This is an ncnn implementation of the VITS library that supports cross-platform GPU-accelerated speech synthesis.
The project is forked from weirdseed/Vits-Android-ncnn, Thanks to the original author for their contribution.
🔍 Prepare dependencies
Get the ncnn static library suitable for your runtime environment from its wiki or ncnn/releases.

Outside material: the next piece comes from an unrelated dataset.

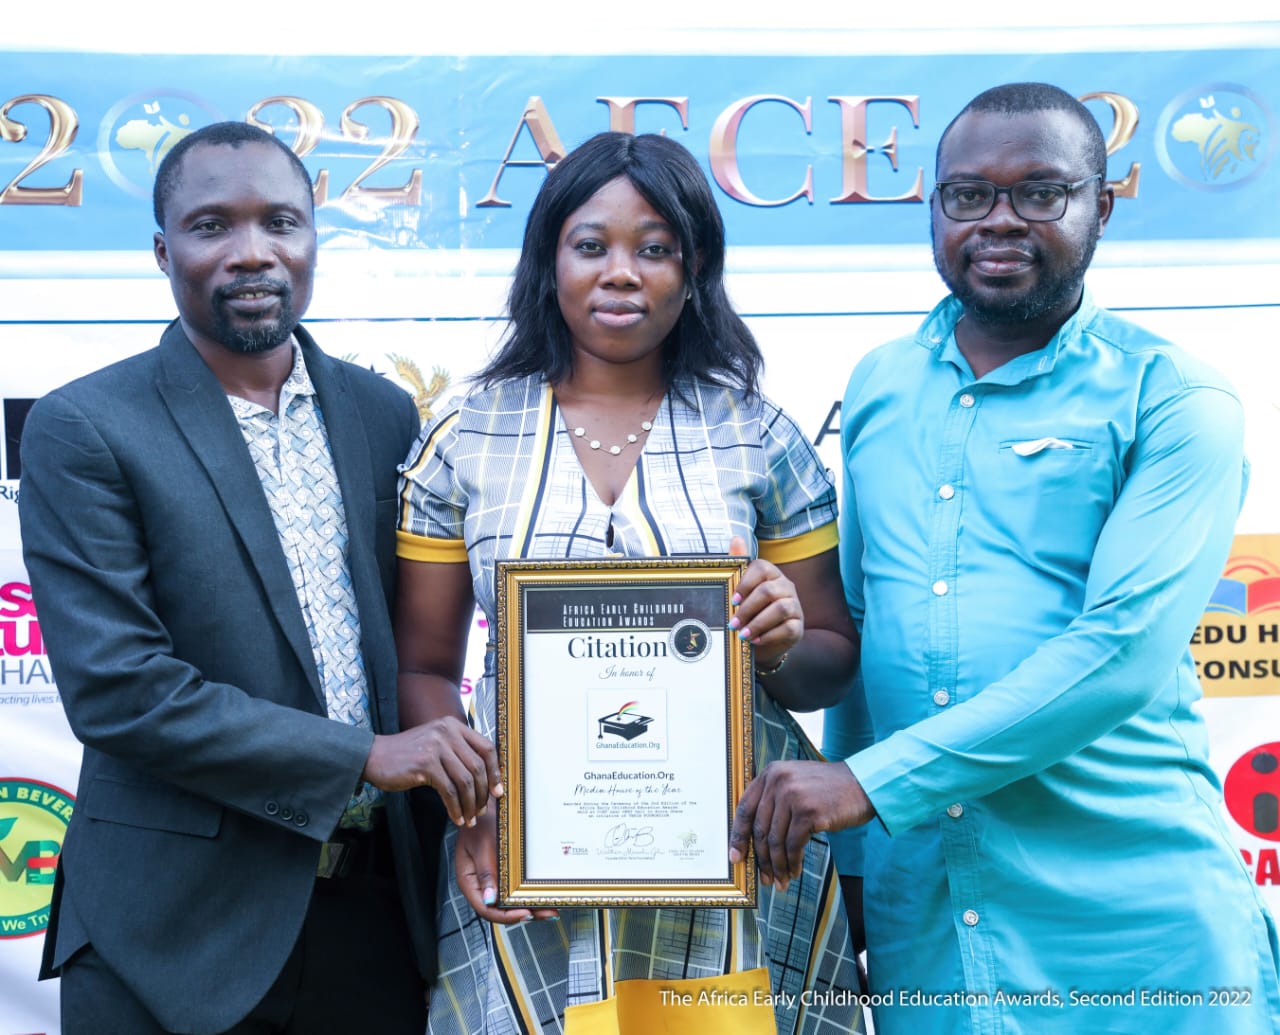 AECE Awards 2022 GhanaEducation.Org adjudged media house of the year

Place it in the root directory ncnn folder like this:
ncnn
├─bin
├─include
└─lib
🛠️ Compile the project
a. libvits-ncnn
Execute in the repo root directory:
mkdir build && cd build
cmake .. -DCMAKE_CXX_COMPILER=/usr/bin/clang++ -DCMAKE_C_COMPILER=/usr/bin/clang
make
After compilation, you can find libvits-ncnn.so
in the build directory.
b. vits-cli
Enter the demo
directory and execute:
mkdir build && cd build
cmake .. -DCMAKE_CXX_COMPILER=/usr/bin/clang++ -DCMAKE_C_COMPILER=/usr/bin/clang
make
After compilation, you can find vits-cli
in the build directory.
🚀 Run the demo
In the directory where vits-cli
is located, prepare the dependencies required for running:
a. Download the openjtalk dictionary file and unzip it;
b. Download the VITS ncnn model, unzip the Atri part to the atri/
directory (for testing the monophonic model), and extract 365_epochs
to the 365_epochs/
directory (for testing the multi-tone model).
c. Download the VITS ncnn params (single
/multi
directories).
At this time, the directory has:
build
├─vits-cli
├─365_epochs
├─atri
├─multi
├─open_jtalk_dic_utf_8-1.11
└─single
Now execute ./vits-cli
.